Сравнение, наконец, имущества юридических лиц с предиальным сервитутом бесполезно с точки зрения уяснения и, кроме того, рискованно в том отношении, что сравнение это может повести к ложной мысли об олицетворении самого имущества. Известно, что некоторые юристы считают самые поземельные участки субъектами сервитутного права и таким образом включают praedia в ряд юридических лиц[393]. Связь сервитутного права с имением, независимо от смены владельцев этого имения, все равно как связь права требования с бумагой на предъявителя, независимо от смены держателей этой бумаги, отнюдь не делает этого имения, и следовательно вещи, лицом. Установленное выше понятие об юридических лицах как общественных организациях предохранит нас от подобных ненужных и неприличных персонификаций.
С Серманом невольно просится на сопоставление итальянский ученый Джорджи, автор многотомного исследования об юридических лицах вообще и о каждом виде их в особенности (государство, провинция, община, общество, институт). На этом исследовании полнее, чем на какой-нибудь другой итальянской юридической работе, отразилось влияние немецкой научной мысли нынешнего столетия. Джорджи - решительный противник Савиньи, Бринца, Цительмана, Больце, Иеринга - делает много более или менее метких критических замечаний по адресу названных и других ученых, подробно излагая и разбирая их мнения, и заявляет себя юристом-социологом, в глазах которого область социологии обнимает собою и юридические дисциплины. Учение об юридических лицах не есть исключительно ни частноправовое, ни публичное, по мнению Джорджи, а занимает средину между тем и другим, служа для них как бы обручальным кольцом. Индивид и общество, по свидетельству разума и истории, имели общее происхождение, так как природа заповедала человеку жить вместе с подобными ему, делая из общества неизбежное средство к развитию человеческой жизни. И так как общество есть совокупность людей мыслящих и желающих, то отсюда получается организм этический, так что и общество человеческое, подобно отдельным людям, его составляющим, имеет свои права и обязанности. Если правильно, что только человек есть возможный субъект прав, то субъект этот представляется в двух видах: человек индивидуальный и человек общественный.
Анализируя понятие universitatis, Джорджи находит в ней: 1) совокупность элементов или моральных сил, т. е. людей, управляемых законом долга, 2) упорядочение этих элементов настолько, что из них составляется одно целое, которое достигает общей цели, сообразующейся с тем же законом долга, и распределяет между различными элементами социального тела права и функции ввиду потребностей целого. Итак, universitas есть реальность, если понимать это слово не как синоним вещи, подлежащей внешним чувствам, а как противоположность чистому порождению фантазии.
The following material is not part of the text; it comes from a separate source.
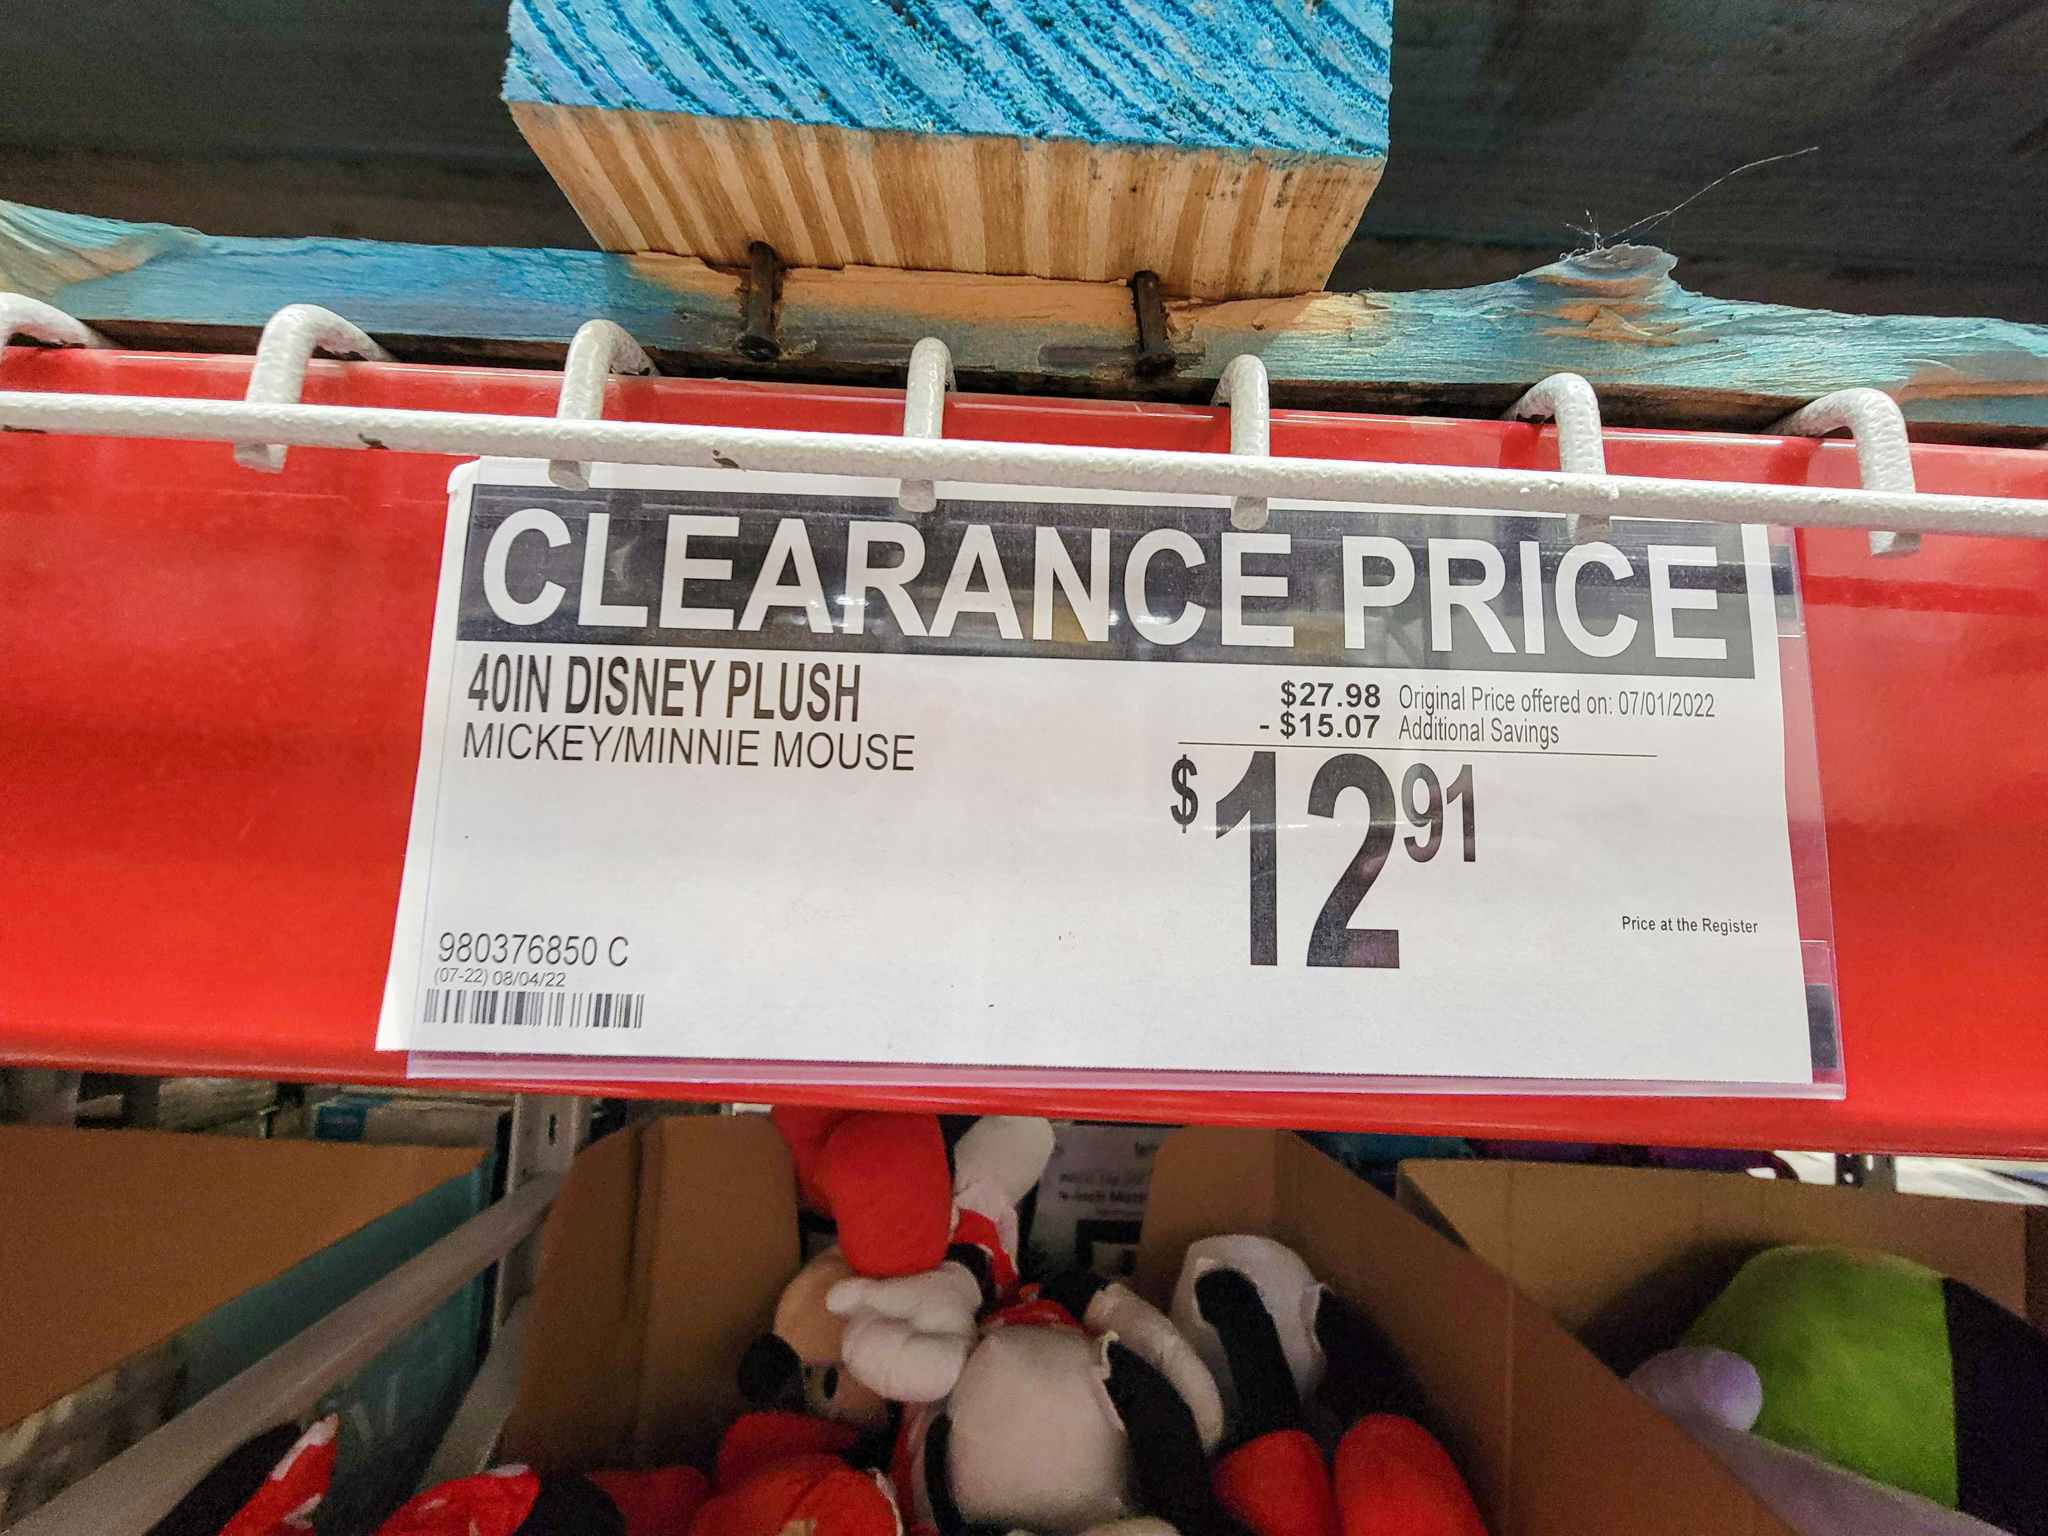 clearance tag for $12.91 jumbo disney plush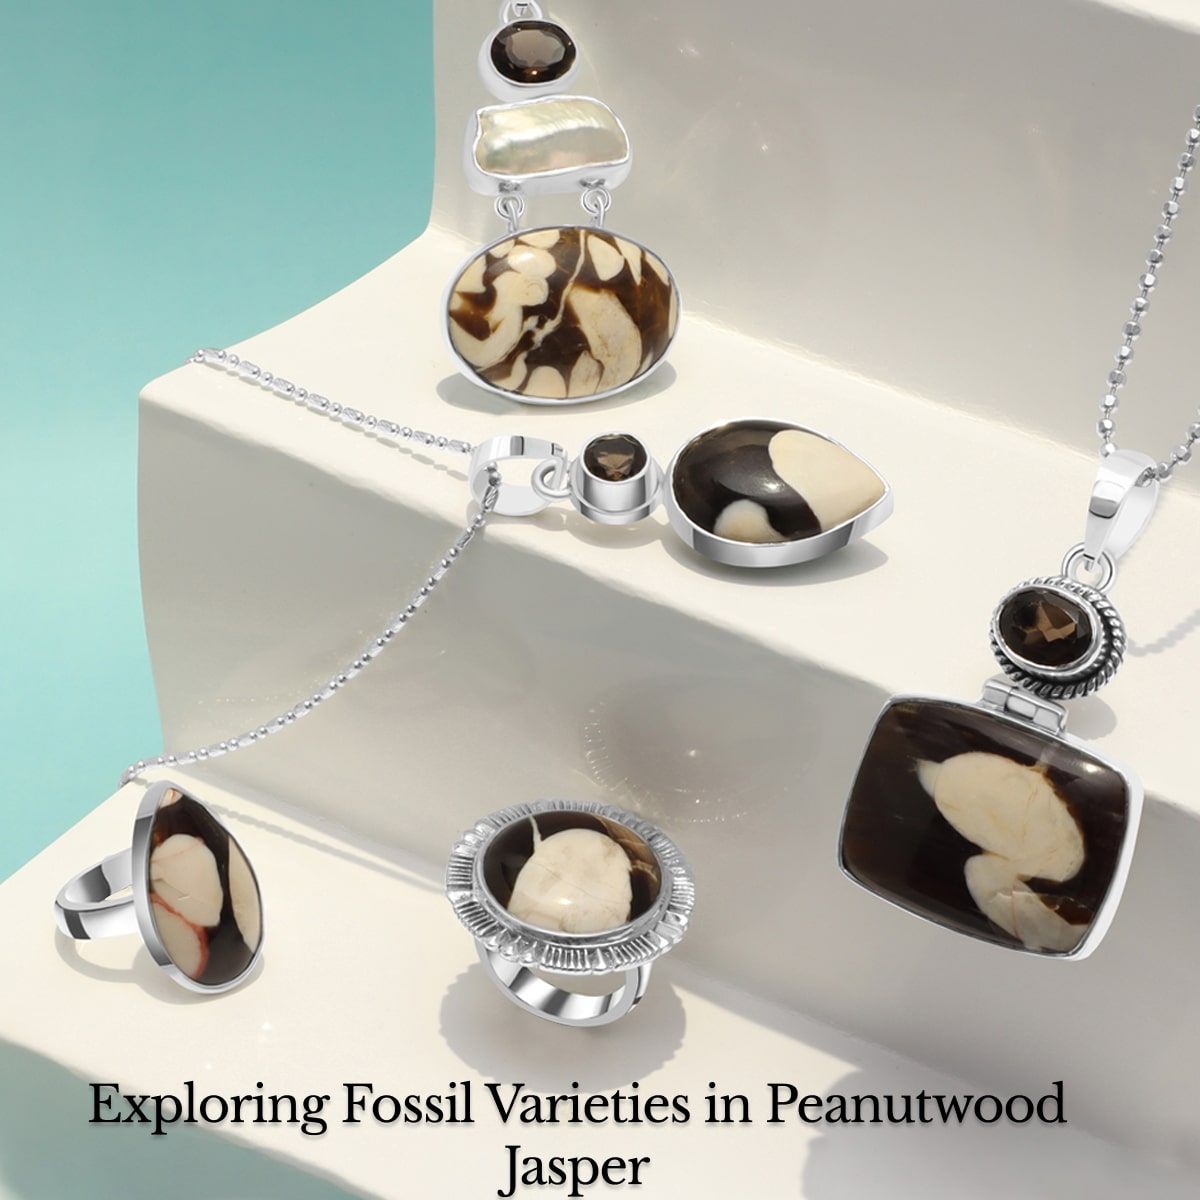 Types of Fossils Found in Peanutwood Jasper

Собирательное единство, если и не есть физический организм вроде животного или растения, есть тем не менее моральное существо, столько же истинное и действительное, как телесные организмы. Этот организм есть часть природы и часть человека, и в природе человеческой, если не физической, то моральной, находит для себя условия рождения, жизни и прогресса. Придайте этому собирательному существу (ente collettivo) осуществление частных прав и получите юридическое лицо, говорит Джорджи.
Несомненно, государство, провинция, коммуна осуществляют главным образом публичные права, но, осуществляя их, они не облекаются в ту одежду, которую, основательно или неосновательно, принято называть юридической личностью. Теперь принято говорить, что собирательные существа суть юридические лица лишь постольку, поскольку они jure privatorum utuntur: не особенно точно это, но Джорджи склоняется перед обычным словоупотреблением. И все-таки не следует забывать, что, относясь к частному праву, юридическая личность не в малой степени входит и в публичное право, которое не только дает нормы относительно возникновения юридических лиц, но модифицирует частное право, приспособляя его к природе союзов, так что, пуская свои корни на почве частного права, учение об юридических лицах свешивается своими ветвями и листьями на почву публичного права[394].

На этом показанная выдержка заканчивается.